R(\tau)=\sum_{t=0}^{T} \gamma^{t} r_{t}

Performance Metric

J(\pi) = E_{\tau\sim\pi}[R(\tau)] = \int_{\tau} R(\tau) P(\tau \mid \pi) d \tau

Derivative 梯度

因为我们需要利用梯度上升来提高 performance, 所以, 我们需要知道 Performance 对 \theta 的微分:

\nabla_{\Theta} J(\pi)=\nabla_{\Theta} \mathbf{E}_{\tau \sim \pi}[R(\tau)]=\int_{\tau} R(\tau) \nabla_{\Theta} P(\tau \mid \pi) d \tau

利用一个有助于我们简化的公式:

\frac{\partial \log (x)}{\partial x}=\frac{1}{x}=>\partial x=x \partial \log (x)

然后我们可以得到:

\int_{\tau} R(\tau) \nabla_{\Theta} P(\tau \mid \pi) d \tau=\int_{\tau} R(\tau) P(\tau \mid \pi) \nabla_{\Theta} \log P(\tau \mid \pi) d \tau = \mathbb{E}_{\tau \sim \pi}\left[\nabla_{\Theta} \log P(\tau \mid \pi) R(\tau)\right]

为了求解上面公式, 一个重要的点是,我们如何求得 logP(\tau|\pi) ? 我们可以利用链式法则(Chain Rule):

已知
P(\tau \mid \pi)=\rho\left(s_{0}\right) \prod_{t=0}^{T-1} P\left(s_{t+1} \mid s_{t}, a_{t}\right) \pi\left(a_{t} \mid s_{t}\right)

两边取对数后,可以得到:

\log P(\tau \mid \pi)=\log \rho\left(s_{0}\right)+\sum_{t=0}^{T-1} \log P\left(s_{t+1} \mid s_{t}, a_{t}\right)+\log \pi\left(a_{t} \mid s_{t}\right)

然后我们求梯度:

\nabla_{\Theta} \log P(\tau \mid \pi)=
=\nabla_{\Theta} \log \rho\left(s_{0}\right)+\sum_{t=0}^{T-1} \nabla_{\Theta} \log P\left(s_{t+1} \mid s_{t}, a_{t}\right)+\nabla_{\Theta} \log \pi\left(a_{t} \mid s_{t}\right)=
=\nabla_{\Theta} \log \pi\left(a_{t} \mid s_{t}\right)

最终,我们得到:

\nabla_{\Theta} J(\pi)=\mathbb{E}_{\tau \sim \pi}\left[\nabla_{\Theta} \log \pi\left(a_{t} \mid s_{t}\right) R(\tau)\right]

因为需要计算期望, 因此再实践上,我们可以简单的使用 Sample。

Rewards To Go

再实际计算 Rewards 的时候,我们会计算从t 开始的Rewards, 因为这样才符合常识。
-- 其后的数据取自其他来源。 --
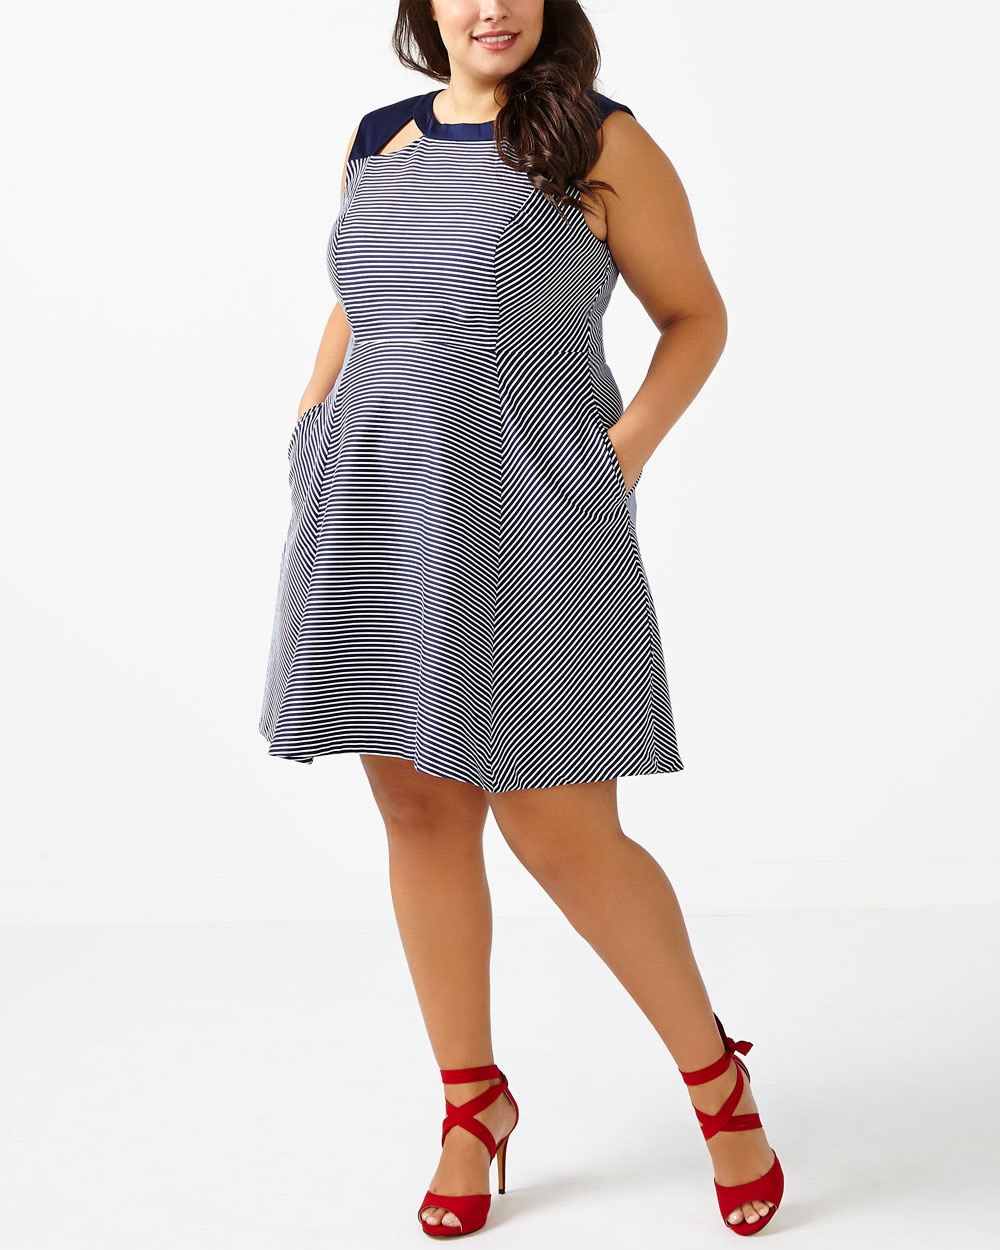 Hallelujah dress fashions edmonton

(我们只关心采取行动后获得的收益)

R(\tau)=\sum_{t^{\prime}=t}^{T-1} \gamma^{t} r_{t}

Entropy 奖励

在代码中,加入了entropy bonus, 主要目的是为了鼓励模型加入更多的不确定性,这样在训练的时候, 模型就会去探索更多的可能性。 关于Entropy 的介绍,可以参见这篇文章。 在强化学习中, Entropy Bouns 会用在很多算法中, 有点像Supervised Learning 中的 Regularization。

Baseline

关于 Baseline 的讨论,请参考深度强化学习(5)# PG的一个问题

代码

Episode 循环

每一个 Trajectory \tau 就是一个Episode:

def play_episode(self, episode: int):
    """
        Plays an episode of the environment.
        episode: the episode counter
        Returns:
            sum_weighted_log_probs: the sum of the log-prob of an action multiplied by the reward-to-go from that state
            episode_logits: the logits of every step of the episode - needed to compute entropy for entropy bonus
            finished_rendering_this_epoch: pass-through rendering flag
            sum_of_rewards: sum of the rewards for the episode - needed for the average over 200 episode statistic
    """
    # 随机初始化环境设定
    state = self.env.reset()

    # 初始化参数
    episode_actions = torch.empty(size=(0,), dtype=torch.long, device=self.DEVICE)
    episode_logits = torch.empty(size=(0, self.env.action_space.n), device=self.DEVICE)
    average_rewards = np.empty(shape=(0,), dtype=np.float)
    episode_rewards = np.empty(shape=(0,), dtype=np.float)

    # episode loop
    while True:

        # 显示环境(这里的环境是一个游戏)
        if not self.finished_rendering_this_epoch:
            self.env.render()

        # 从Agent 中拿到各个 Action 的logit,其实就是 Policy 给出的结果
        action_logits = self.agent(torch.tensor(state).float().unsqueeze(dim=0).to(self.DEVICE))

        # 保持logit 的历史
        episode_logits = torch.cat((episode_logits, action_logits), dim=0)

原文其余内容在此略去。